**What is expected**:
Could you print the listing again exactly, omitting the pictures?

**Provided material**:
###

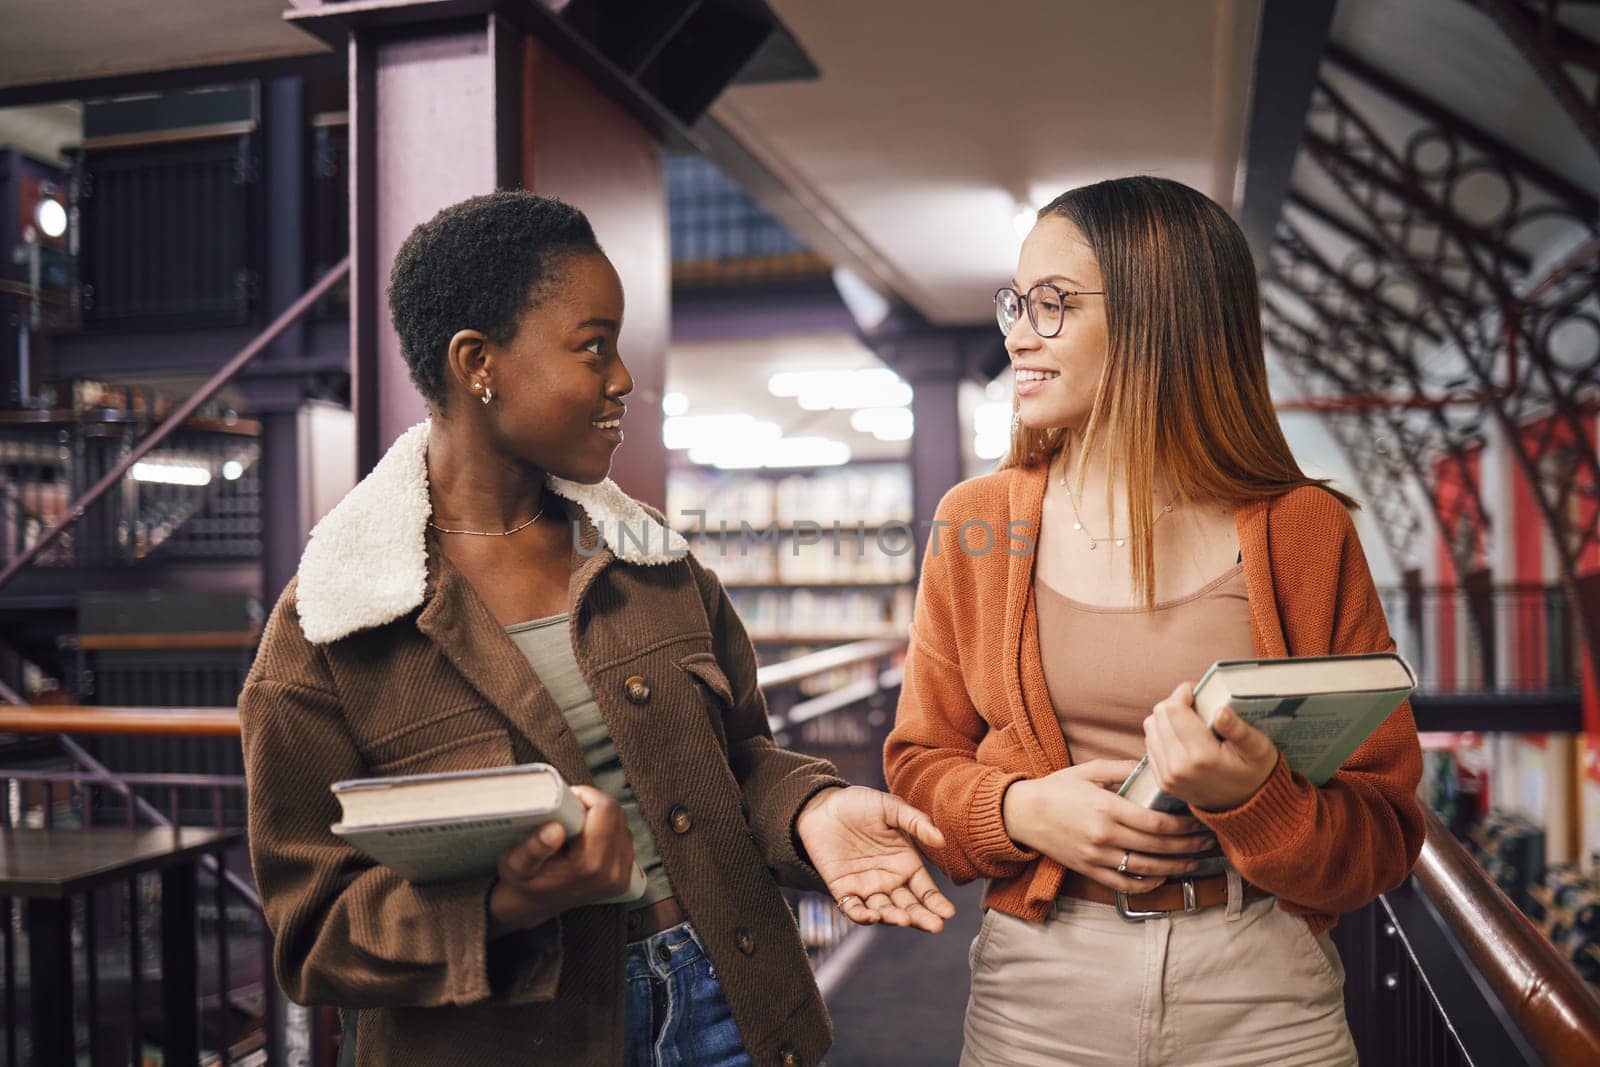 University students, library and talking about books, education and learning together at campus. Women friends have conversation about knowledge, studying and walking to research studying scholarship by YuriArcurs
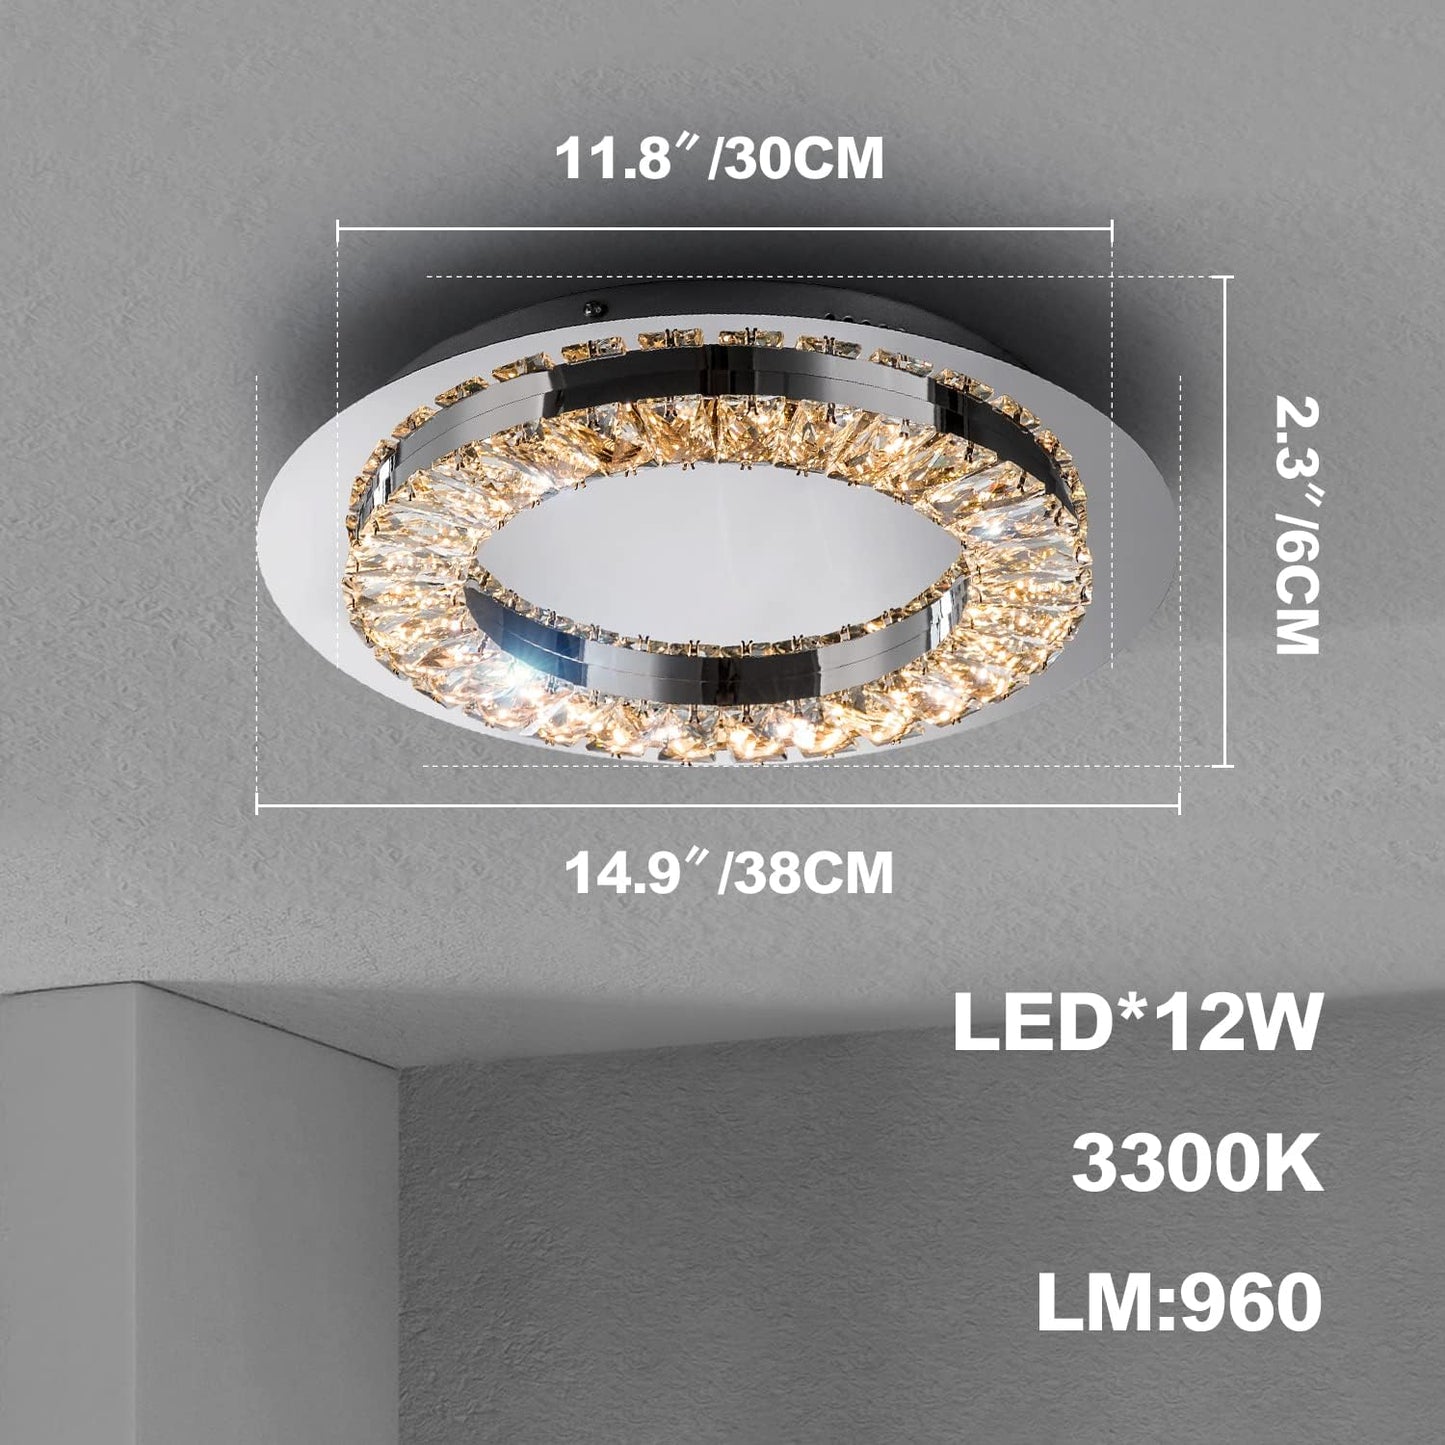 Crystal Ceiling Light Fixture for Closet/Close to Ceiling Light Fixtures Flush Mount 3300K LED Modern round 15" Surface Chandelier for Bedroom Hallway Stairwell Living Dining Room Lighting
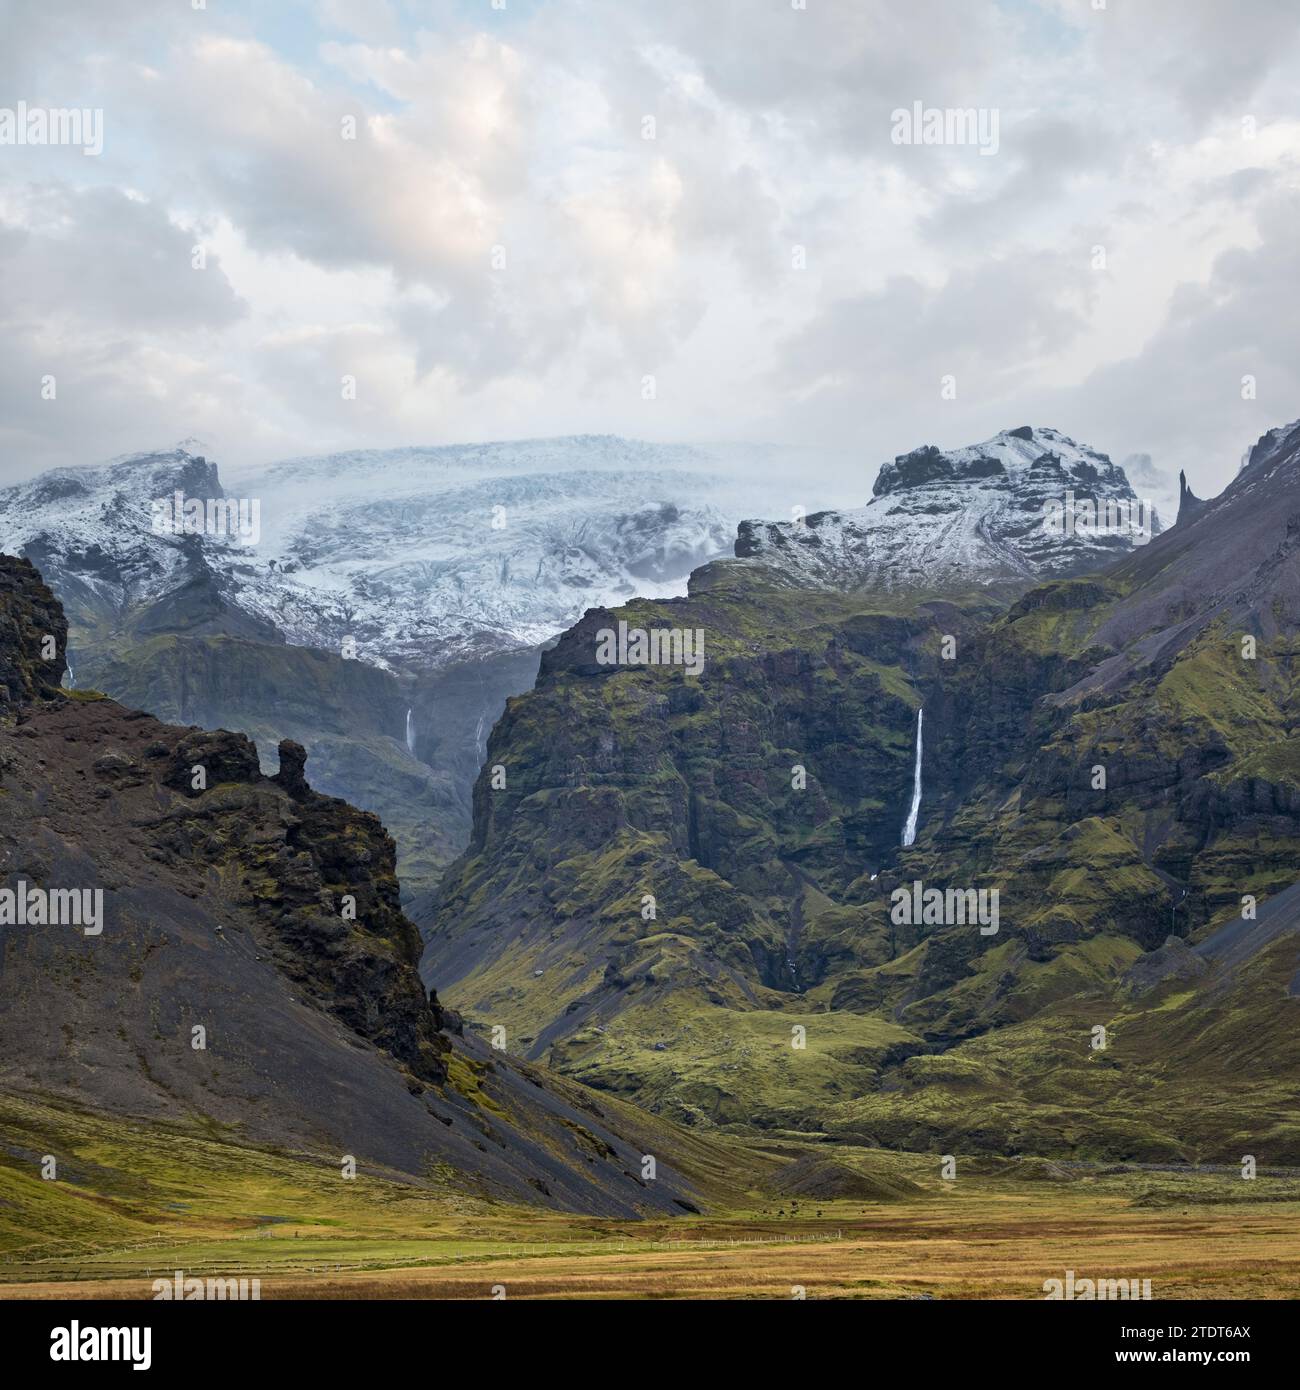 View from highway to Mulagljufur Canyon during auto trip in Iceland. Spectacular Icelandic landscape with  scenic nature: mountains, fjords, glaciers, Stock Photo

###

**Solution below**:
 University students, library and talking about books, education and learning together at campus. Women friends have conversation about knowledge, studying and walking to research studying scholarship by YuriArcurs
 Crystal Ceiling Light Fixture for Closet/Close to Ceiling Light Fixtures Flush Mount 3300K LED Modern round 15" Surface Chandelier for Bedroom Hallway Stairwell Living Dining Room Lighting
 View from highway to Mulagljufur Canyon during auto trip in Iceland. Spectacular Icelandic landscape with  scenic nature: mountains, fjords, glaciers, Stock Photo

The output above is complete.